Thus, AD systems are not only mathematical tools. They are runtime and compiler systems. They must understand the semantics of the operations they differentiate.

## AD Modes as Linear Maps

A derivative is a linear map between tangent spaces.

For

$$
f : \mathbb{R}^n \to \mathbb{R}^m,
$$

the derivative at $x$ is the Jacobian

$$
J_f(x) : \mathbb{R}^n \to \mathbb{R}^m.
$$

Forward mode applies this map to a vector:

$$
u \mapsto J_f(x)u.
$$

Reverse mode applies the transpose map to a covector:

$$
w \mapsto J_f(x)^T w.
$$

These are the two most important derivative products in numerical computing.

Forward mode computes Jacobian-vector products.

Reverse mode computes vector-Jacobian products, or equivalently Jacobian-transpose-vector products.

Many systems avoid constructing the full Jacobian because it may be enormous.
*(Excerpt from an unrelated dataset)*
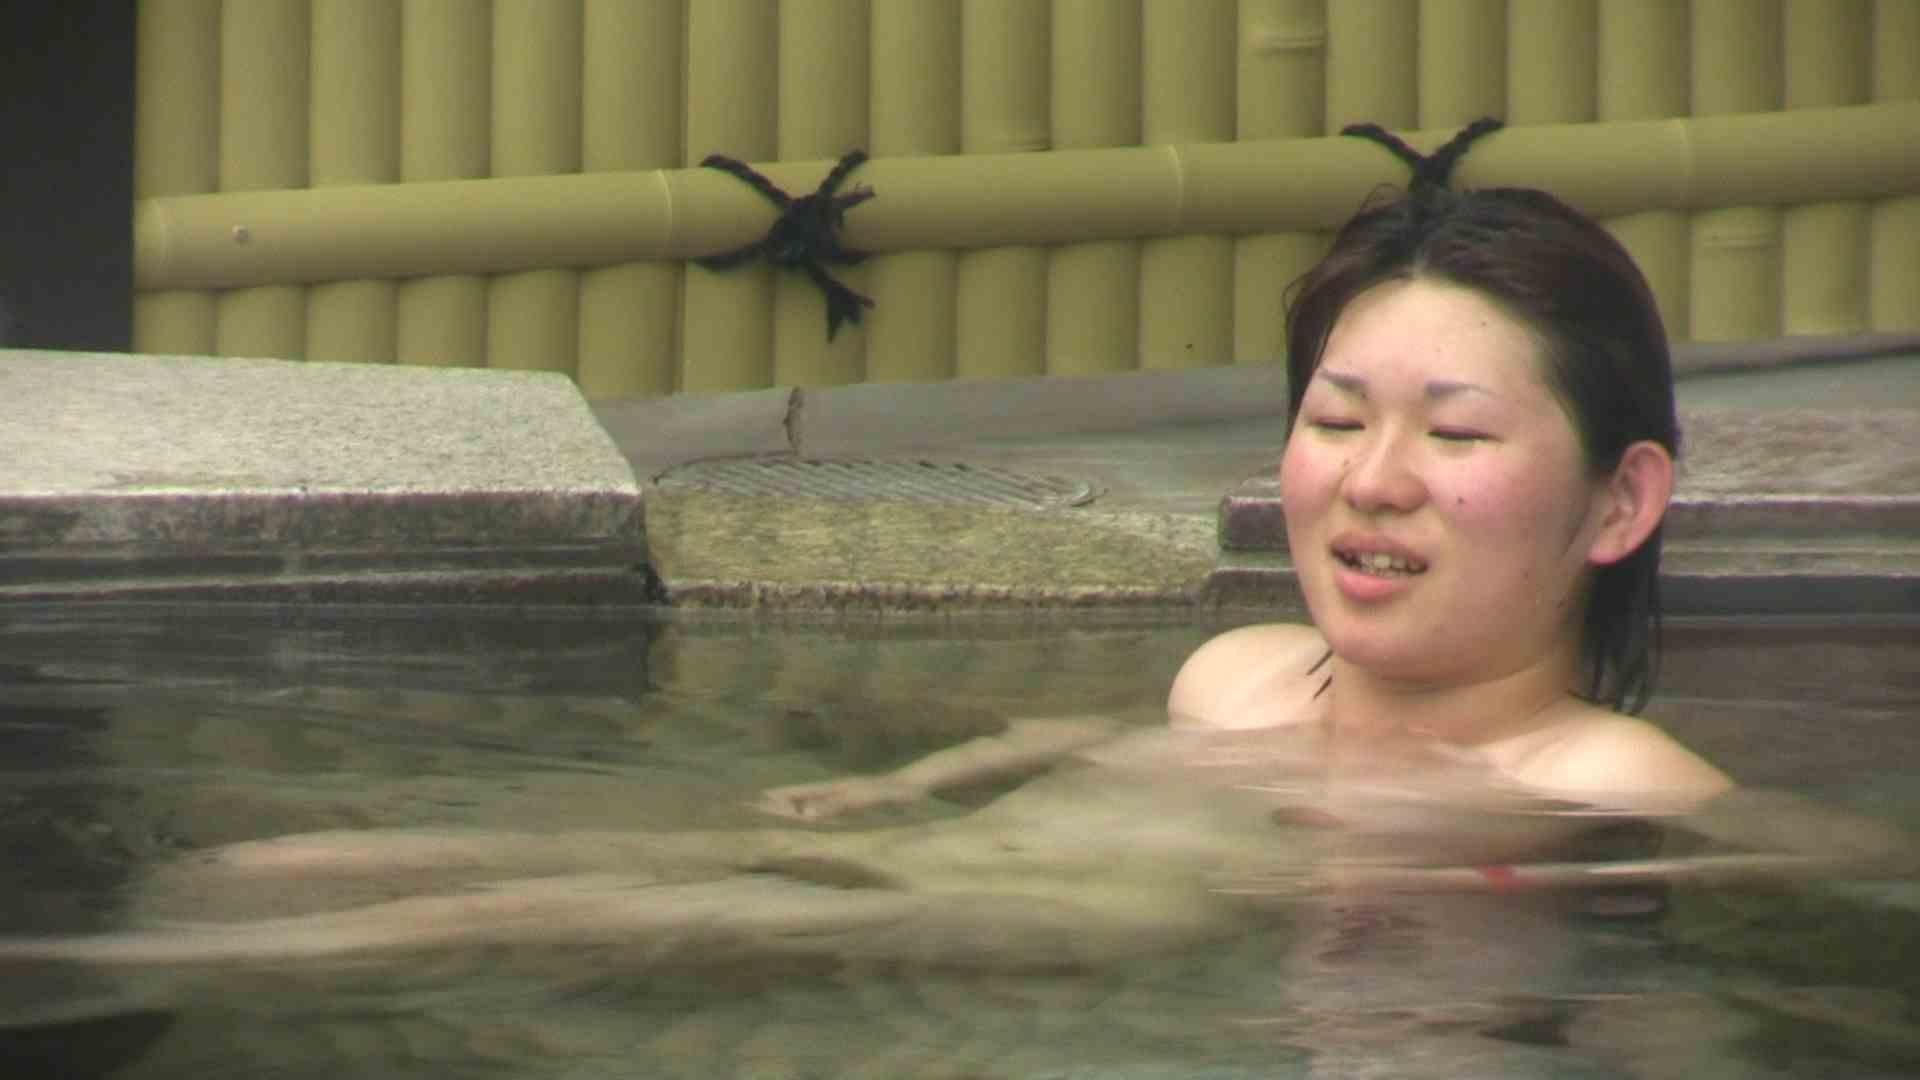 Aquaな露天風呂Vol.673 露天 盗み撮り動画キャプチャ 104PICs 89
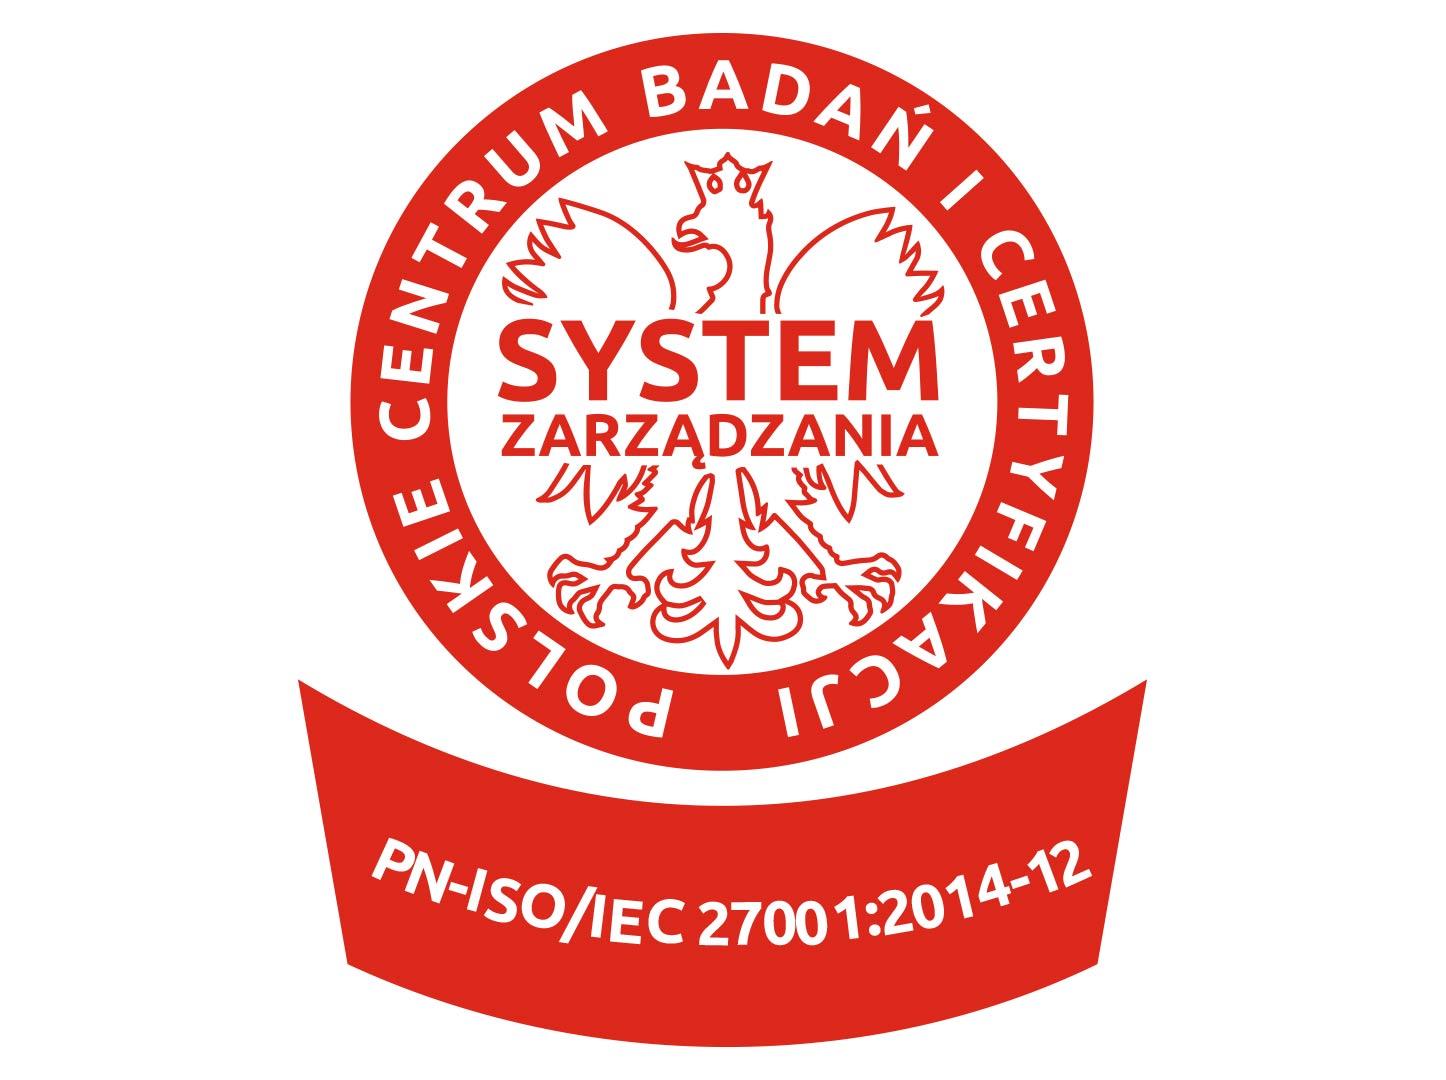 polskie_centrum_badan_i_certyfikacji2

Instead, they provide efficient products with the Jacobian or its transpose.

## Why AD Matters

Automatic differentiation matters because it makes derivatives available at program scale.

A programmer can write a numerical computation once. The AD system supplies derivative computation from the same source of truth. This reduces errors, improves maintainability, and enables algorithms that would otherwise be impractical.

AD is now used in:

| Area | Derivative use |
|---|---|
| Machine learning | Gradients for training |
| Optimization | Objective and constraint derivatives |
| Scientific simulation | Sensitivities and inverse problems |
| Control | Linearization and policy gradients |
| Robotics | Kinematics and dynamics derivatives |
| Finance | Greeks and risk sensitivities |
| Graphics | Differentiable rendering |
| Probabilistic programming | Gradients of log densities |

The common structure is the same: a program computes a quantity, and another algorithm needs to know how that quantity changes.

Automatic differentiation provides that missing layer. It turns ordinary numerical programs into differentiable programs.